Post-Brexit the UK Government’s intention is to accede to the Lugano Convention 2007, although it has given some consideration to a bespoke bi-lateral agreement: see the White Paper to Parliament on 12 July 2018 setting out its proposals to develop and agree the framework for the future relationship with the EU. The proposals in the White Paper on civil judicial cooperation built on the Framework for the UK-EU Partnership: Civil Judicial Co-operation published by the UK government in June 2018. Lugano provides a regime that is largely equivalent to the EU rules as between the EU, Denmark, Iceland, Norway and Switzerland. Attention has been re-focussed on the potential accession by the UK to Lugano because of the recent statements of support from Norway, Iceland and Switzerland for the UK’s intent to accede to the Lugano Convention.
Common rules generally pre-suppose that a common interpretation and a mechanism for resolving disputes is desirable. The EU Court of Justice performs this role for the EU-27 in relation to the EU rules in this sphere, including in relation to the interpretation of the Lugano Convention. Any continuing role for the EU Court of Justice so far as the UK is concerned post-Brexit remains a politically difficult issue.
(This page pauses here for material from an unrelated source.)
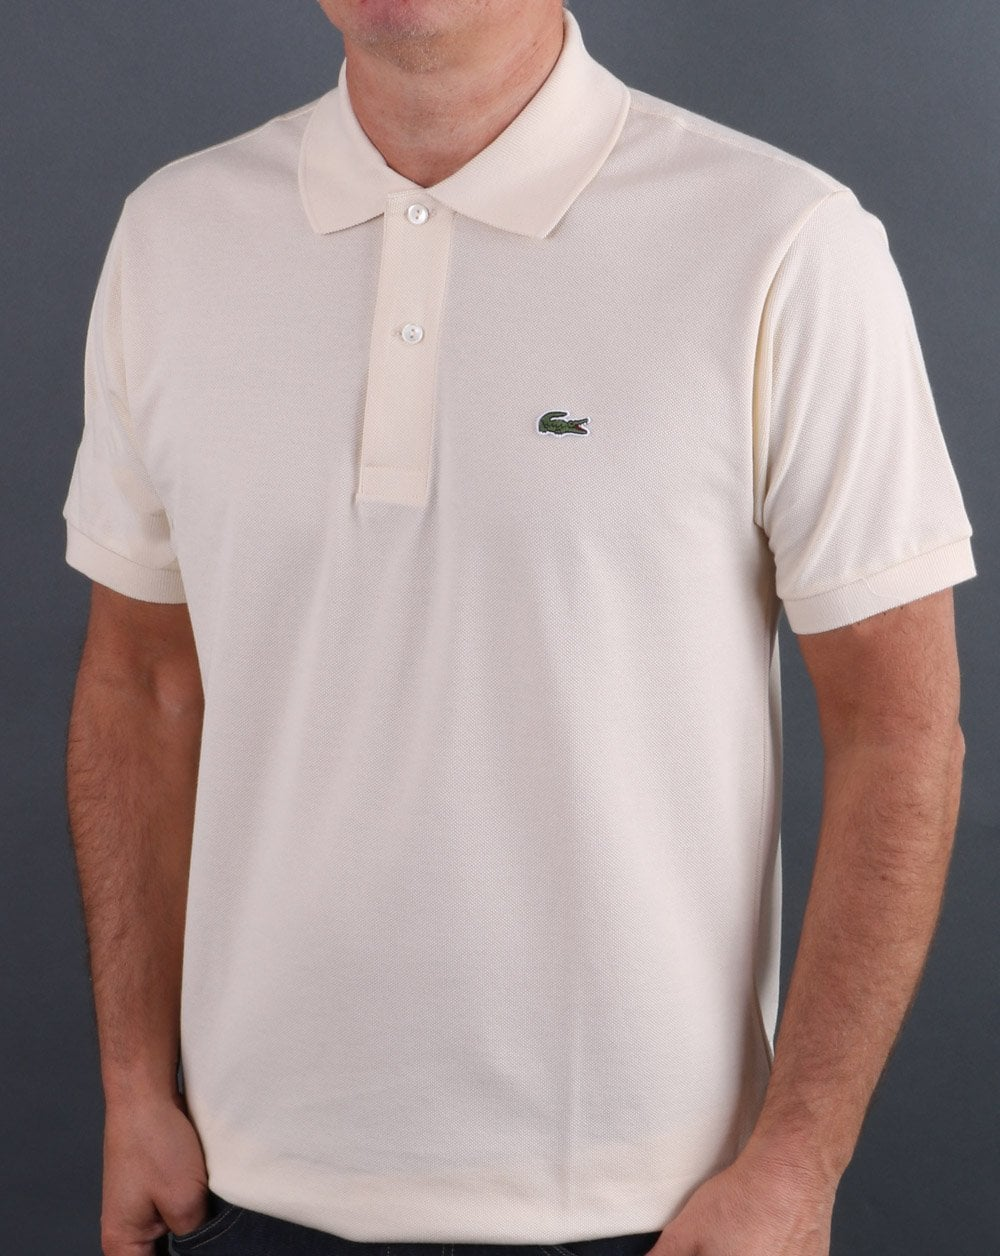 Lacoste Polo Shirt Vanilla Cream

The position under Protocol No 2 to the Lugano Convention provides greater flexibility to those state signatories outside the EU as it only requires the courts of non-EU Member States (of which the UK would be one) to “pay due account” to the case-law of the EU Court of Justice on the Brussels Regulation. Hence, Protocol No 2 appears to provide an acceptable way for UK courts to respect the case-law of the ECJ – without being bound by it – in the post-Brexit scenario.
Now that Switzerland and the EFTA States position in favour of the UK’s accession to Lugano has been clarified the EU’s position is awaited. While the looser interpretive obligation in Protocol No2 that would apply and the lack of EU Court of Justice jurisdiction will be less conducive in the EU’s eyes to ensuring a uniform approach than is currently the case, the fact remains that that is the position already for the existing non-EU signatories to the Lugano Convention. Moreover, despite any perceived disadvantages of this sort the Lugano Convention would still deliver a greater degree of harmonisation between the EU-27 and the UK than if the UK reverted to applying the common law rules on jurisdiction at the end of the transition period. In addition the Lugano Convention offers (dare one say it) a relatively “oven ready” option. While negotiating other bi-lateral options may be perceived to be healthier “time-poor” negotiators may conclude that the costs of doing so outweigh the benefits.